In the mid-70s, An Indian anthropologist from Germany Mr. Jyotindra Jain was visiting Ahmedabad as he was appointed as an advisor in a new museum project. A local interior display designer Mr. Surendra Patel was hired to design the proposed museum’s interior.
Both were on a tour to Gujarat inquiring, buying, and collecting ancient artifacts. In one such tour Mr. Patel saw some classic brass, bronze, and copper being sold as scrap. On inquiring he found that the owners didn’t want them anymore in favour of the modern stainless steel vessels. Also, brass, bronze, and copper alloys were fetching rather a high price in those days, so the owners were encashing what they had inherited from their ancestors for some money.
He felt that those vessels had stories to tell for the generations to come. Stories of how their ancestors lived, how they cooked, and how they fed their families, and fellow citizens. He felt compassion for those artistic and classic alloy utensils and offered to buy them from the scrap collectors and from the metal factories. He spent a phenomenal amount but collected a large number of beautiful metal artifacts and vessels.
He told Mr. Jain that he would like to create a museum from those artifacts. Mr. Jain even cautioned him that the enthusiasm looks promising in the beginning but it’s not easy to establish and run a museum, and the enthusiasm could fade with time. However that caution did not deter Mr. Patel from collecting more and more such artifacts, and after three years of establishing the famous Vishalla he finally inaugurated the VECHAAR Museum – Vishalla Environmental Center for Heritage of Art, Architecture, and Research.
Mr Patel assured that the museum provides the visitors an experience of being close to nature and to the ancestral roots. The museum building was designed in vernacular Gujarati style amidst lush green surroundings of Vishalla. Both – the Vishalla premises and VECHAAR museum gives the visitor a feeling of being a part of a beautiful natural environment of rural ethnic Gujarat.
Since beginning the museum has seen impressive growth. Started with a few classic utensils it has grown to house more than 6000 rare utensils and artifacts made of steel, wood, brass, copper, bronze, clay, silver, and also gold. It is the first of its kind in the entire nation.
It has utensils from as small as a one-inch spoon, to as large as cooking pens with seven feet diameter. It has thousands of pots, kalash, surahi, and also locks of various sizes and shapes.

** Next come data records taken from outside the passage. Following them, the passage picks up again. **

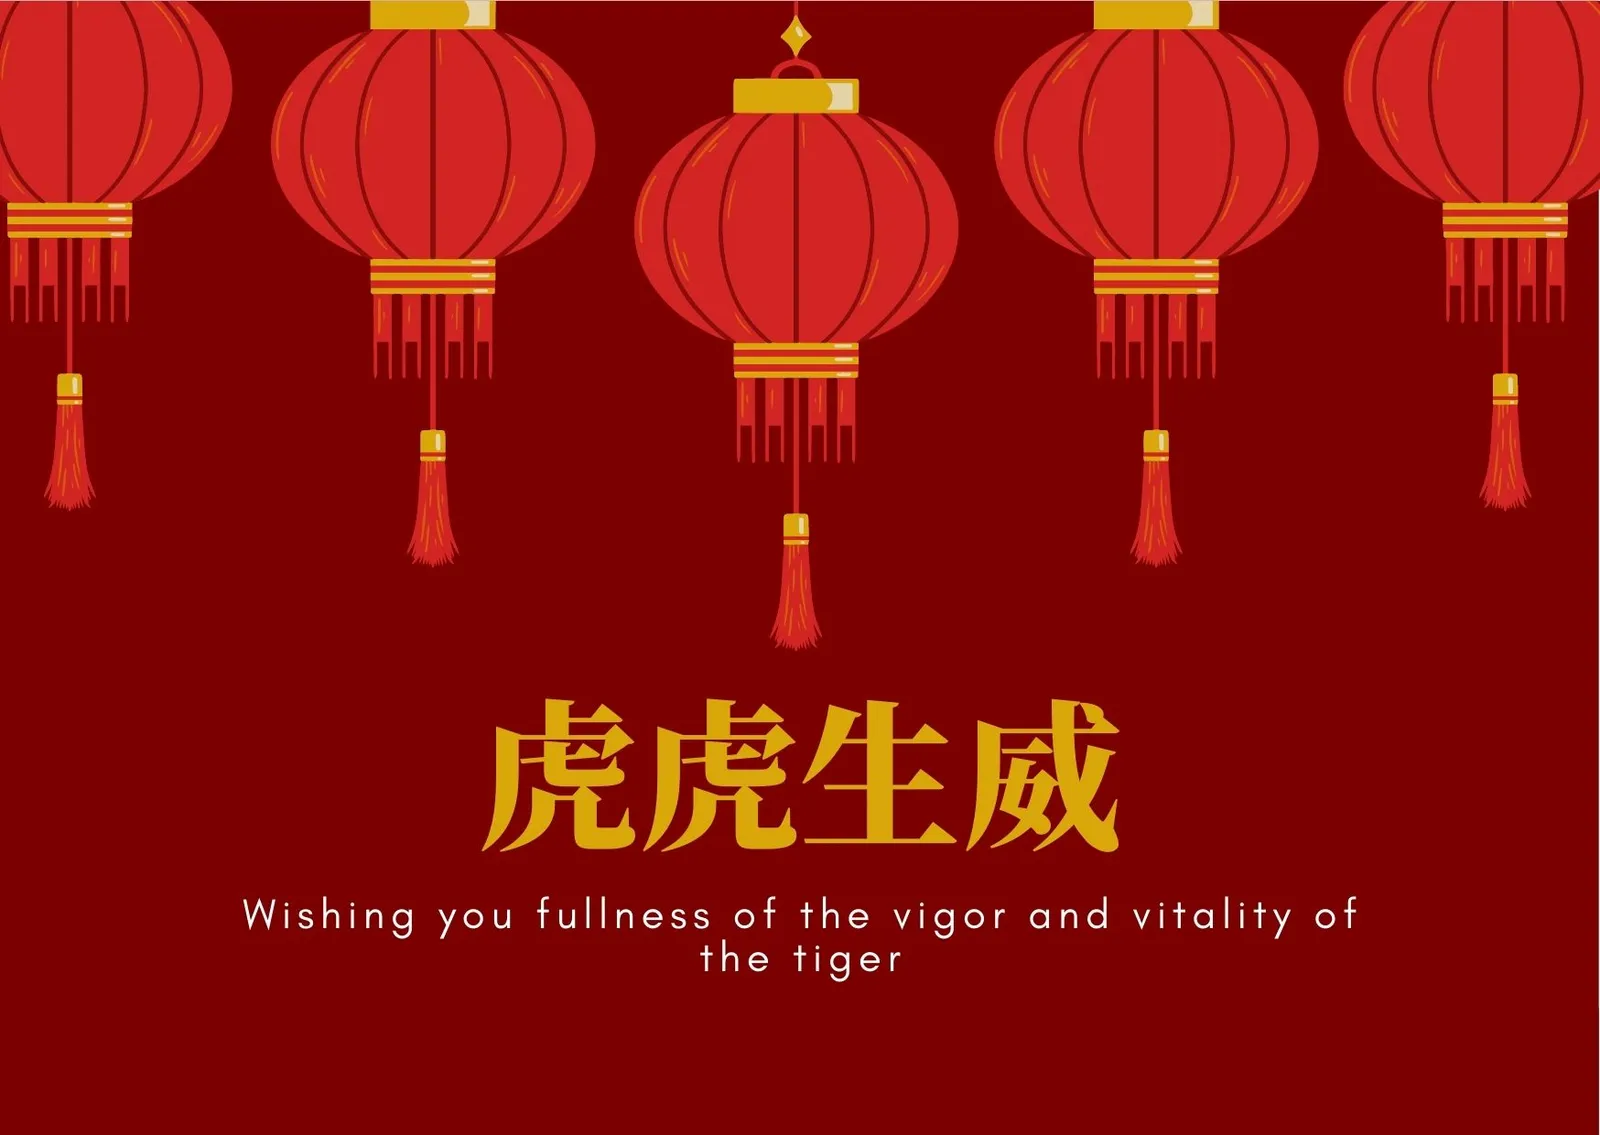 Penuh Doa, 10 Ucapan Selamat Tahun Baru Imlek dalam Bahasa Mandarin
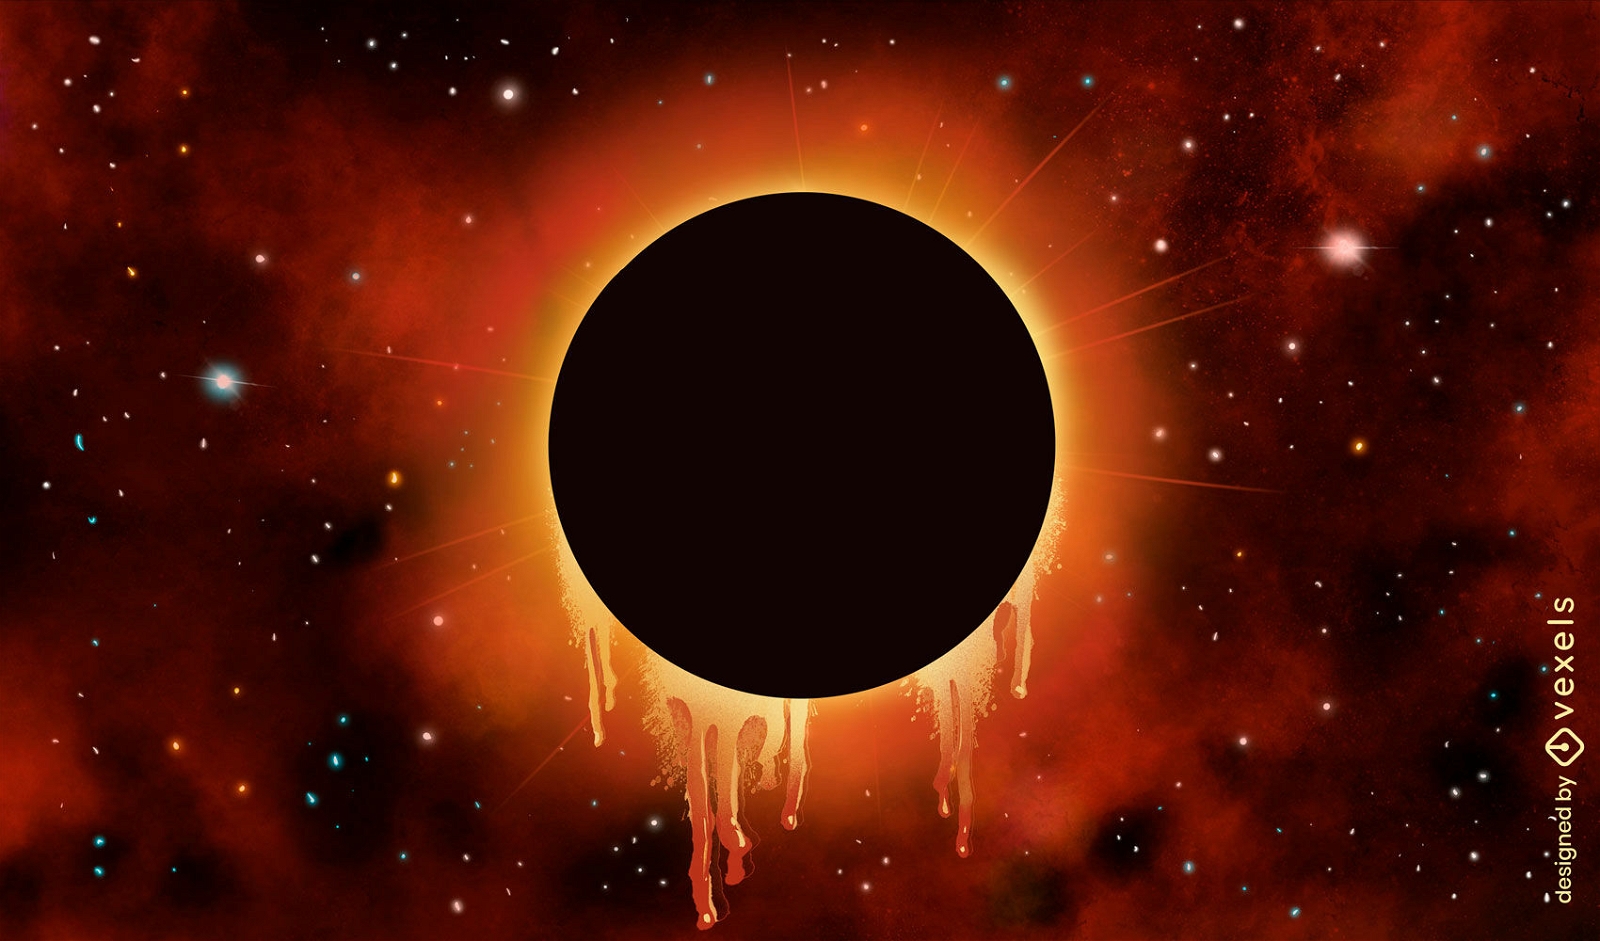 Eclipse solar en el fondo de la ilustraci?n del espacio
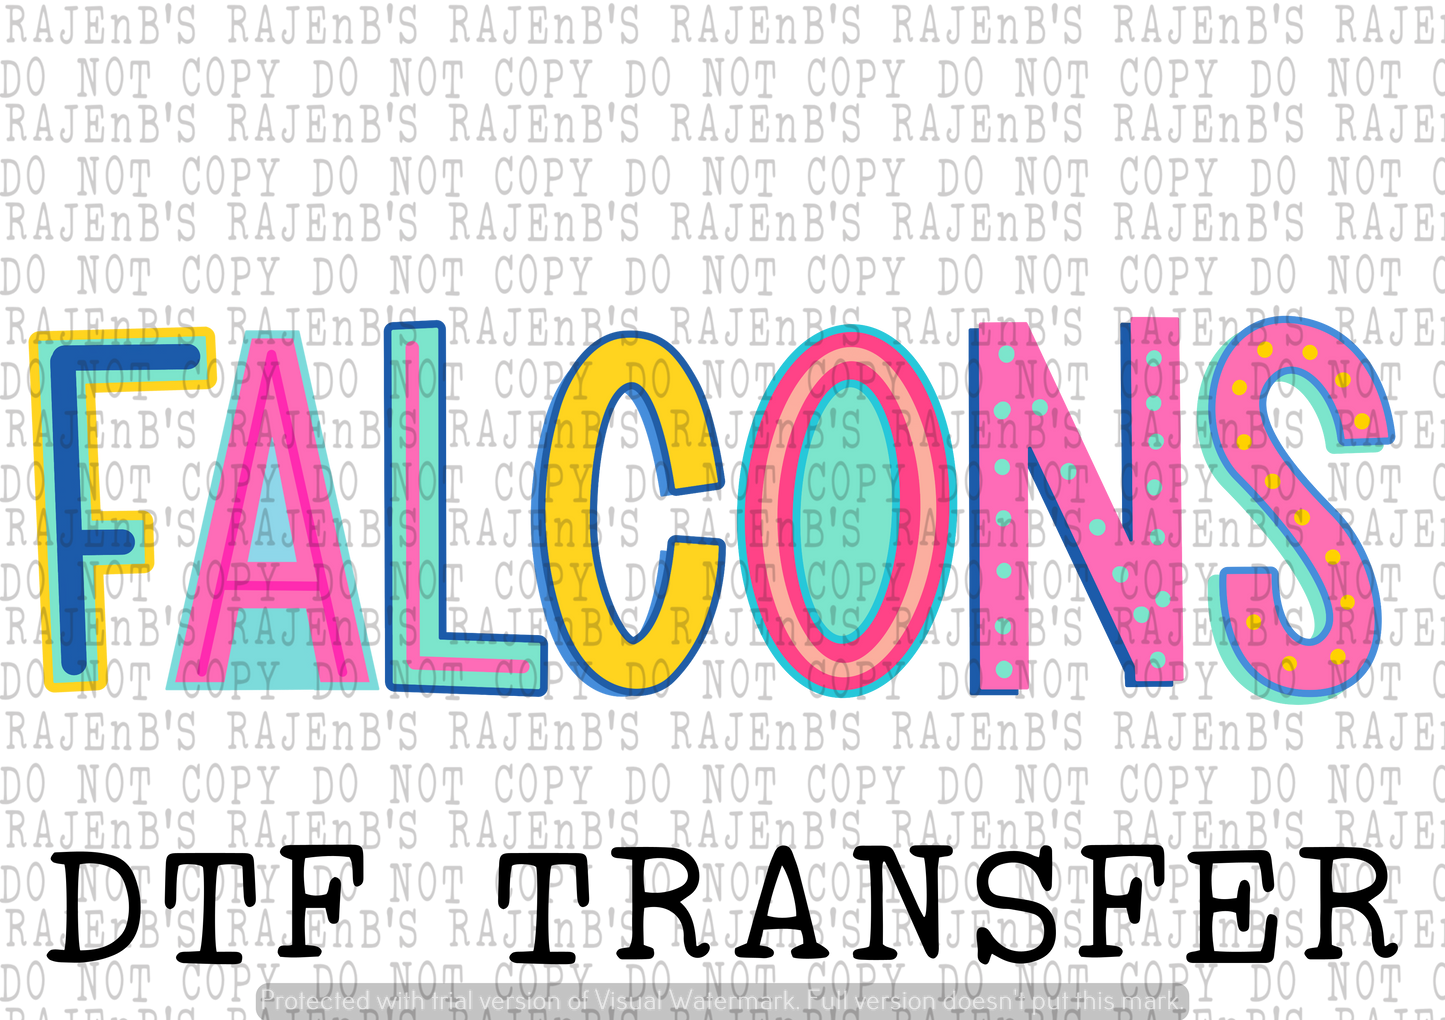 Falcons Mascot (DTF) 3021
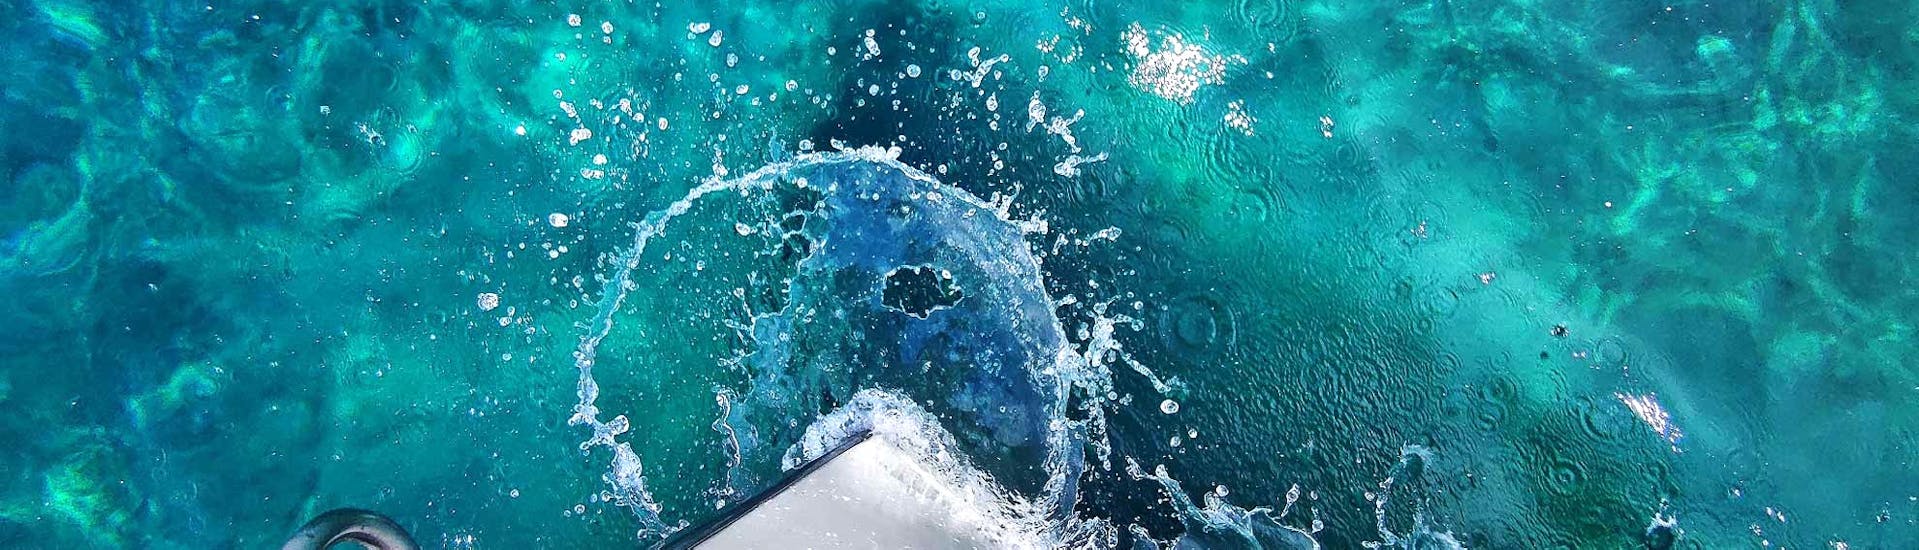 Photo des eaux crystallines que l'on verra lors de la Balade en bateau de Santa Maria di Leuca aux grottes de l'Adriatique et de la mer Ionienne avec Barca del Porto Leuca.
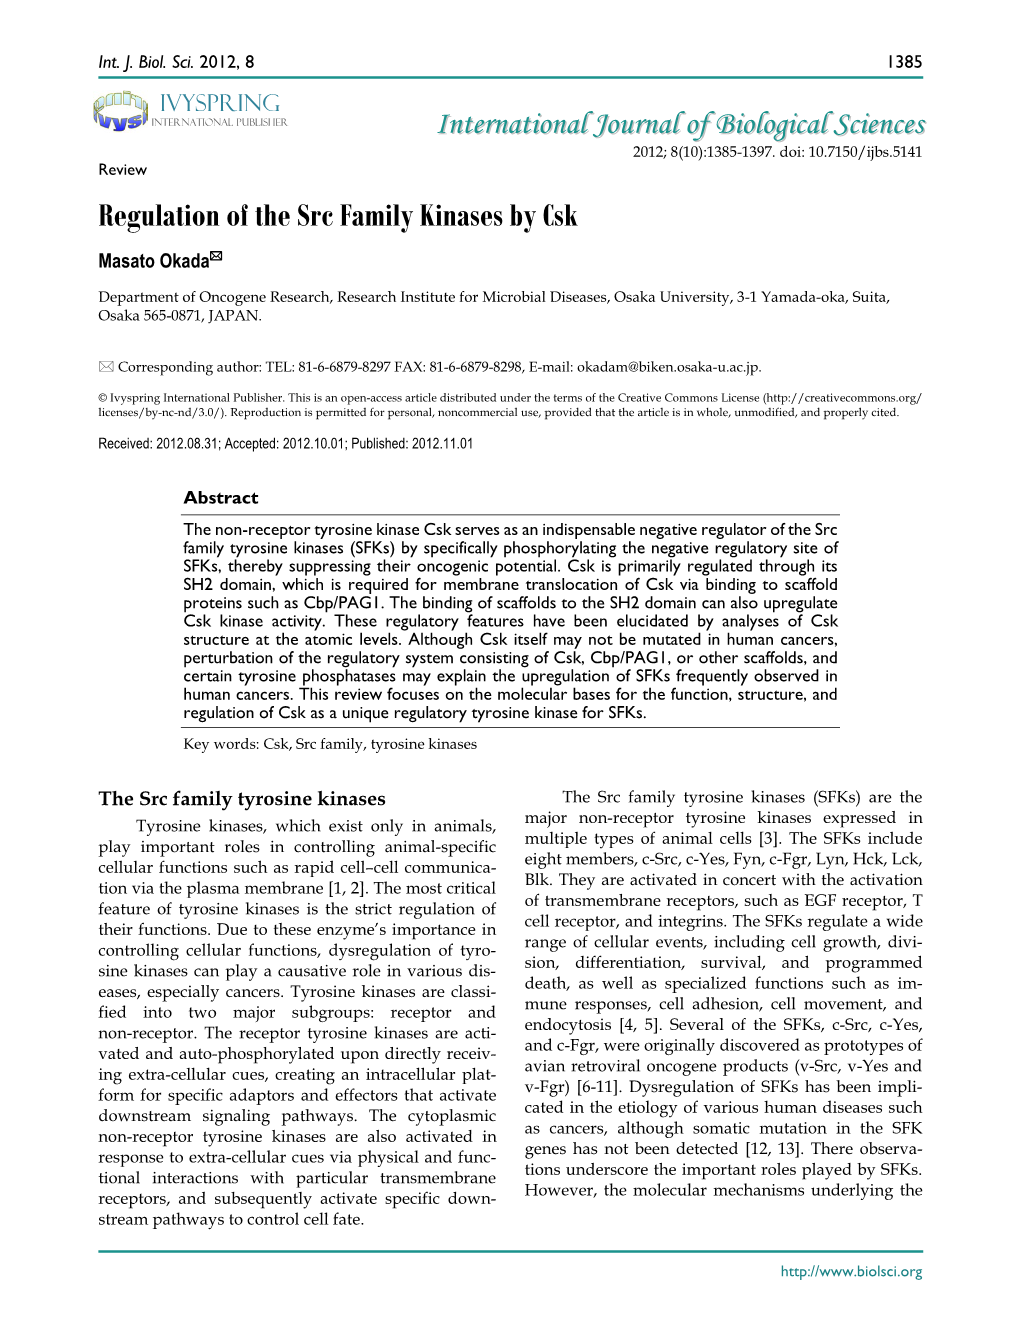 Regulation of the Src Family Kinases by Csk Masato Okada
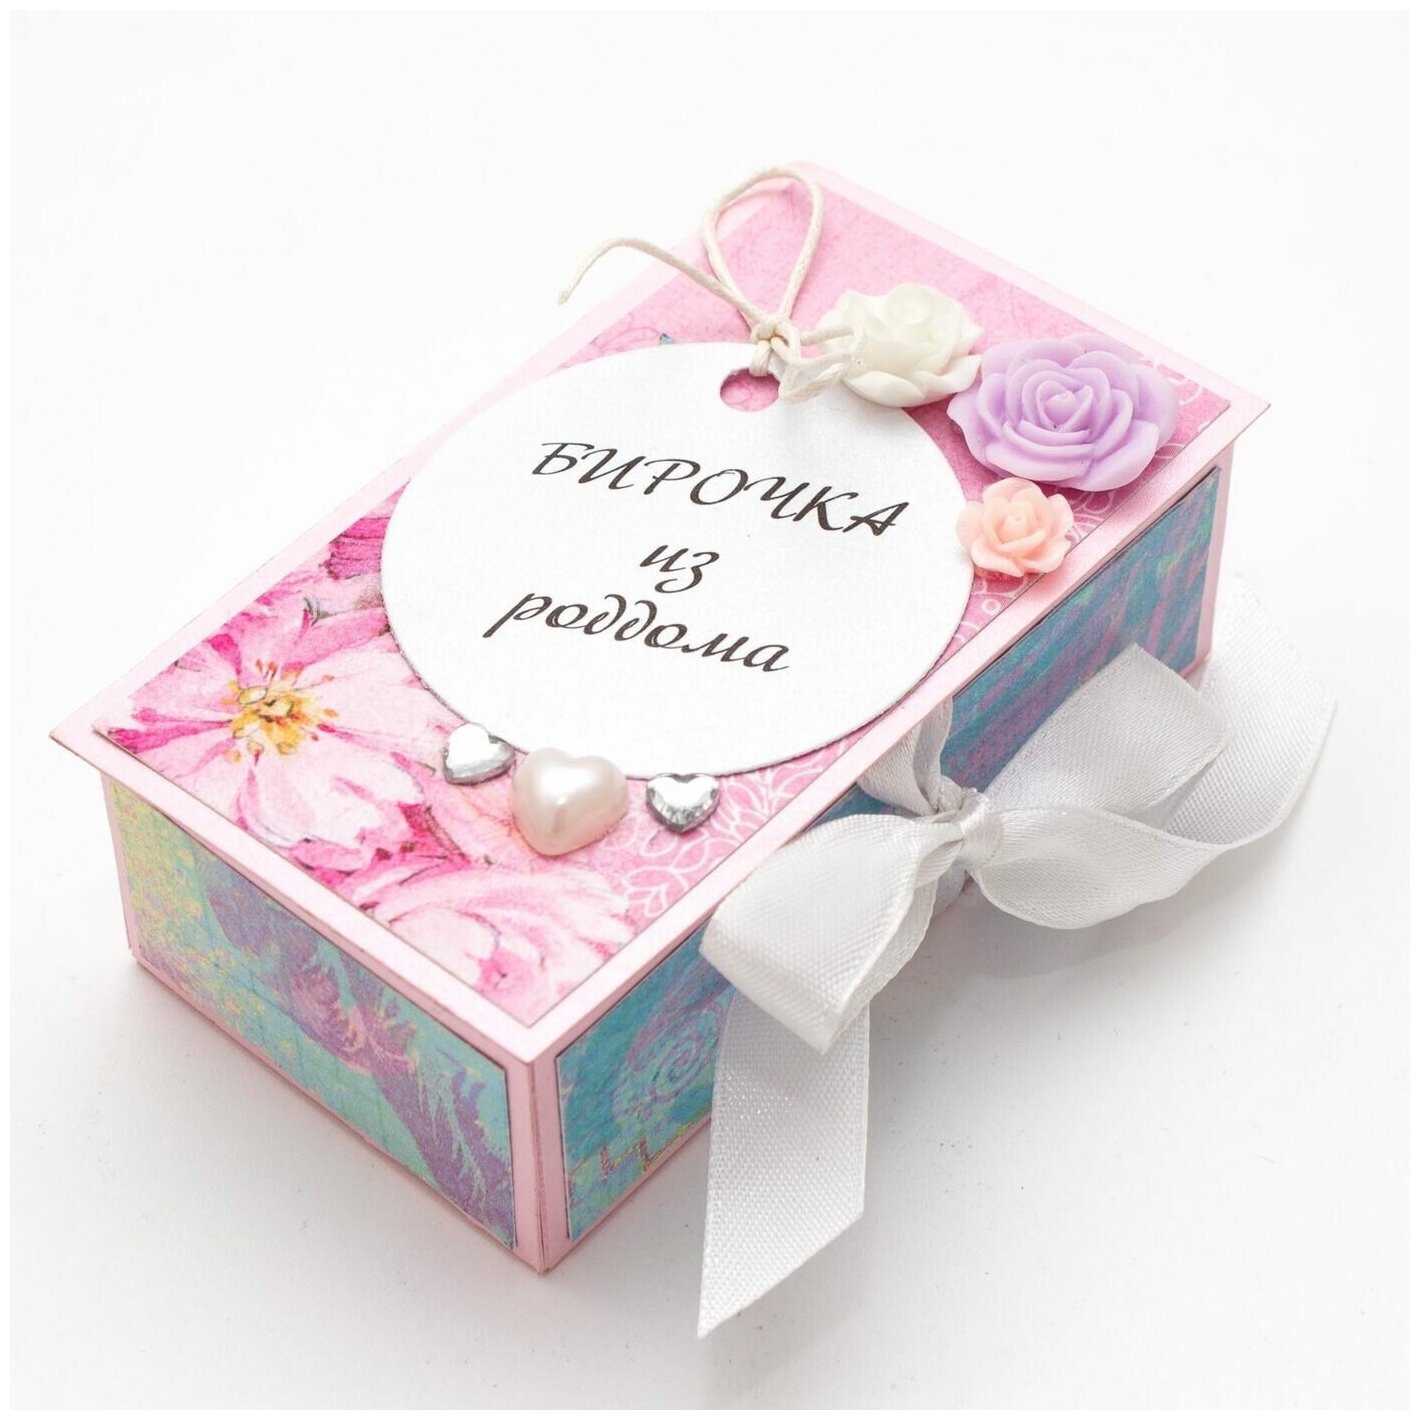 Красивая коробочка для бирки из роддома "Шебби-шик" для новорожденной девочки

The age of some of them can be counted in centuries.
With a view to give the visitors a feeling of not being in a museum, but to let them feel a part of the culture, and the history those vessels tell, Mr Patel didn’t make provision of a glass partition between the viewer and what is to be viewed. The concept actually has worked well and provides that feeling of being a part of history.
The environment is of course lush green, and natural, the beautiful Shiva temple in the forecourt gives it a touch of divinity. Lord Shiva is called Tryambakeshvar Mahadev. The Vishalla team offers regular puja rites to the lord. The alloy mask occasionally placed on the Shivalingam is also one and a half-century old, which Mr Patel has found in Nadiad.
Mr. Patel is truly blessed to have two everlasting credits to his name for the service of Ahmedabad, the city he believes is blessed. He managed to make two wonderful value additions to it. Like the famous heritage tour, VECHAAR museum also can take us to the glorious past of Gujarat.
Visiting VECHAAR can serve three purposes in one journey. We can have a great experience combined with a most delicious meal, we can visit an art exhibition organized at the Vishalla Art Gallery, and also visit the museum.
It’s a place we must take our children. It’s a place we must spend our day. Even though being within the urban borders of the fifth largest city in India, it takes us to the very indigenous Gujarat. Mr. Jyotindra Jain must be proud of his mentoring to Mr. Surendra Patel seeing the way the museum has grown.
Do come here. A one and only such museum is calling you with your loved ones.